The residual axial thrust of a centrifugal pump is the vector resultant of the hydraulic components of impellers and sleeves, the momentum force and other imbalance forces and is bear by the thrust bearing. Among all the components, the hydraulic is by far the most important because it is typically one order of magnitude bigger than the others and the final residual axial thrust itself; but it is also the most difficult to calculate or estimate. This is mainly due a lot of uncertainties in the definition of the pressure distribution in the sidewall gap, dependent on the rotational speed, the leakages through the annular seals, the inlet swirl to the sidewall, the axial alignment of the impeller with the stator, the geometric tolerances and the pump operation.

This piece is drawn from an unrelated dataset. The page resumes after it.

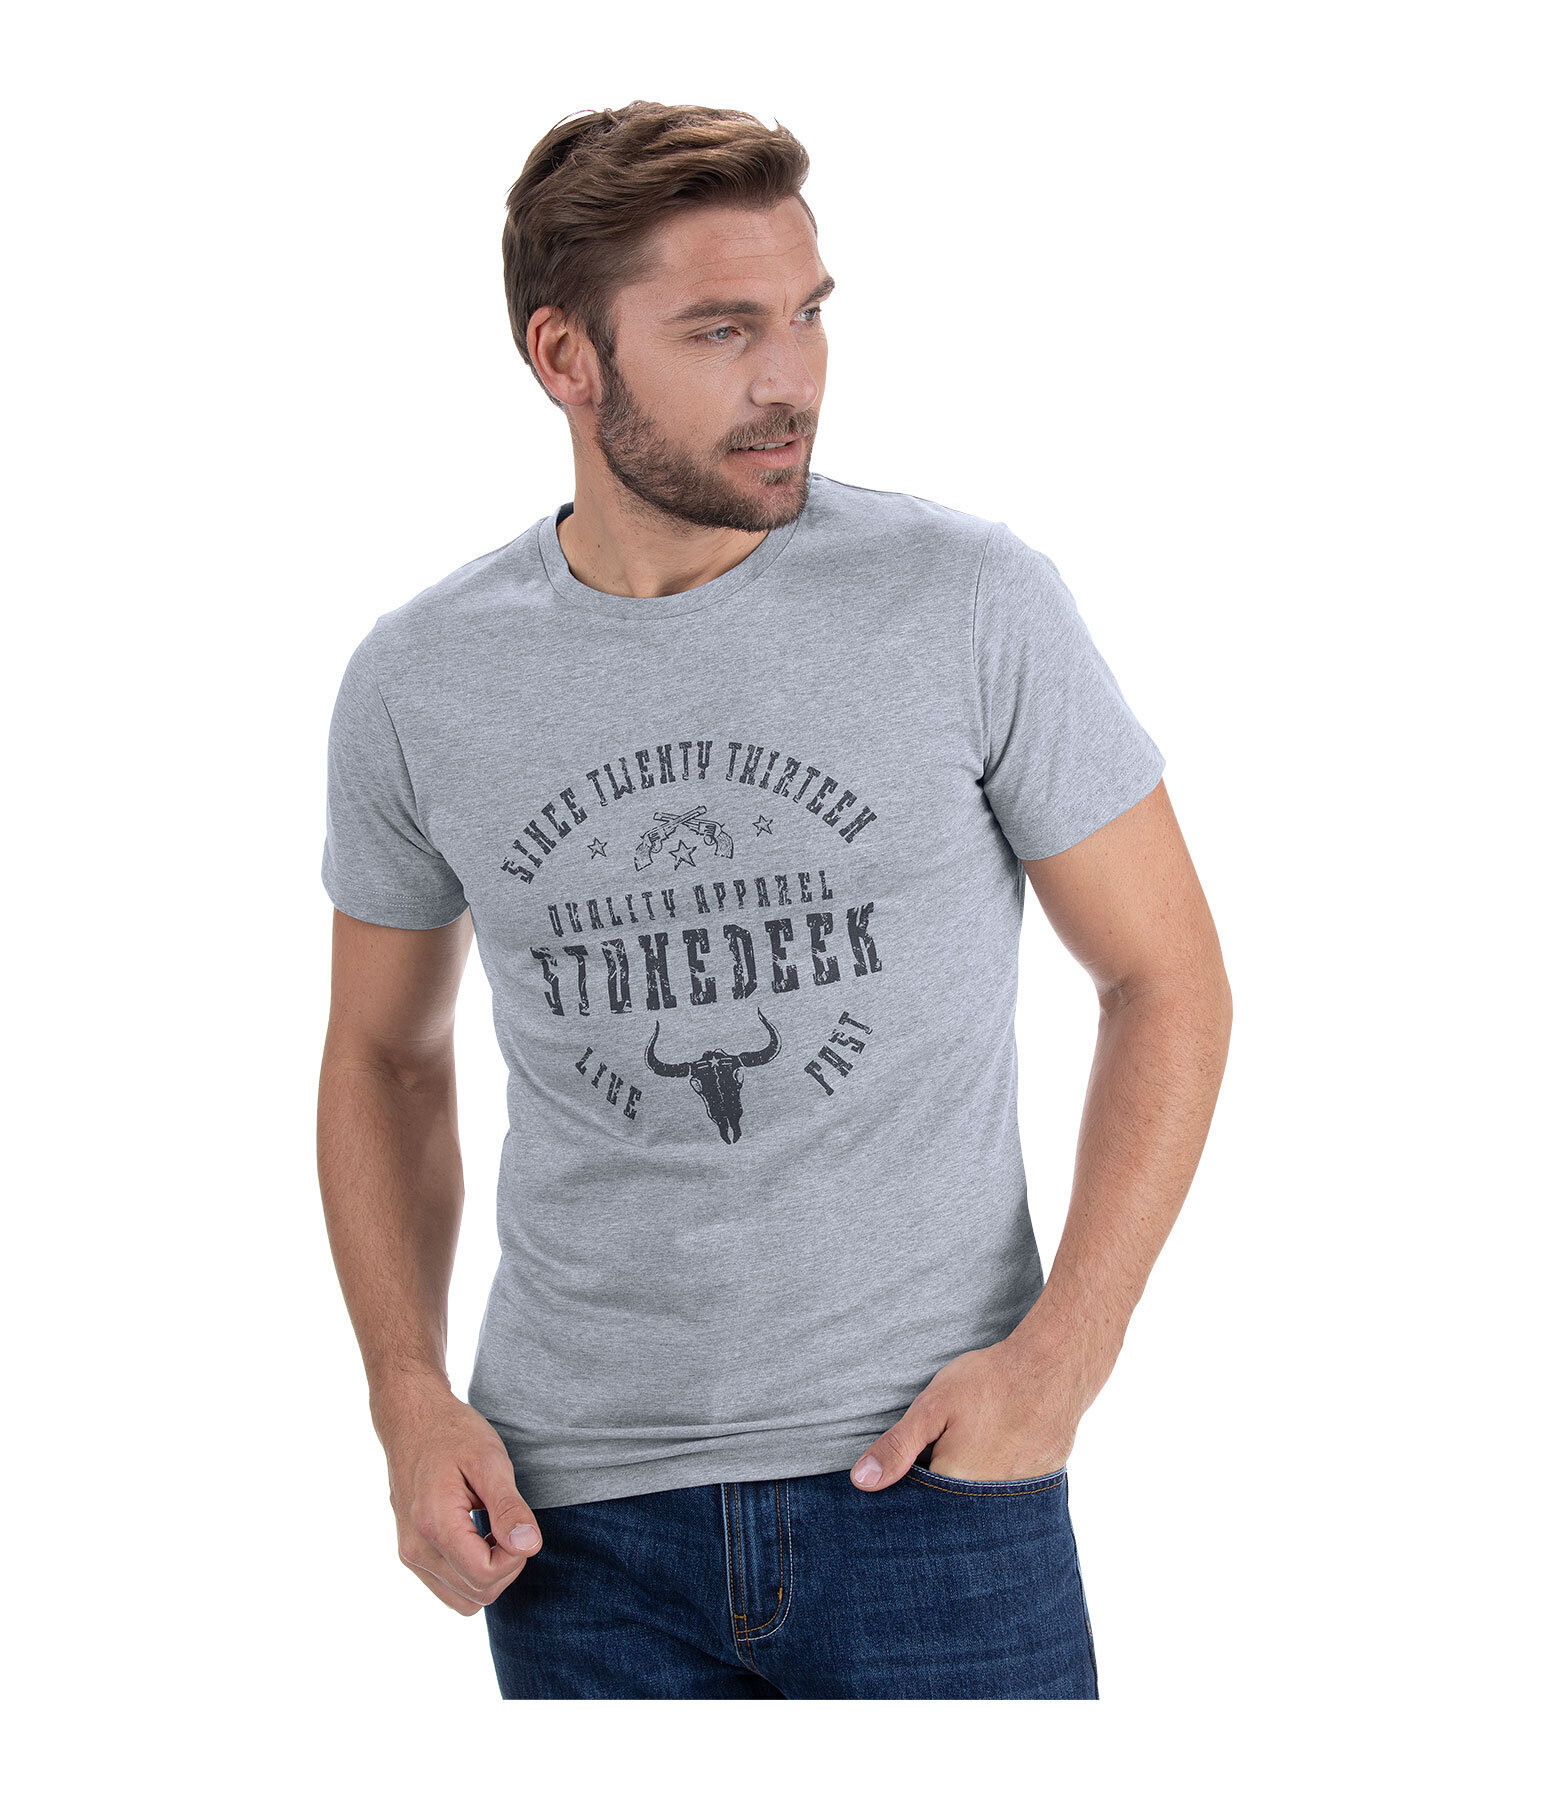 Herren-T-Shirt Hudson

In this paper an experimental approach to validate and calibrate the formulation to predict the hydraulic component of the impellers is presented. The typical formulation to evaluate the parabolic behavior of the pressure distribution is based on a series of coefficients, coming from literature, to consider all the above-mentioned influences. This formulation can be considered satisfying when dealing with pumps with back-to-back arrangement of the impellers on the rotor, since the hydraulic components are almost balanced. But with in-line configuration, all the hydraulic components of the impellers act against one direction and most of their force can be balanced by means of a balance drum, much more reliable than a balance disk. An experimental test campaign on a high energy diffuser pump was performed. The pump was equipped with load cells and temperature probes on the thrust bearing, and a special balancing line with a regulating bleed-off valve whose aim was to partialize the flowrate routed from the back side of the balancing drum to the suction. By throttling the bleed-off valve, it was possible to measure the hydraulic components of the impellers in very different operating conditions of the balancing drum, at different rotational speed and at different flowrates included zero residual axial thrust capability. As results of this campaign, once calibrated the coefficients on the full-scale pump, it is possible to calculate the residual axial thrust based on specific pressure measurements of the model test of a stage hydraulic; this also allows a thorough optimization of the thrust bearing selection.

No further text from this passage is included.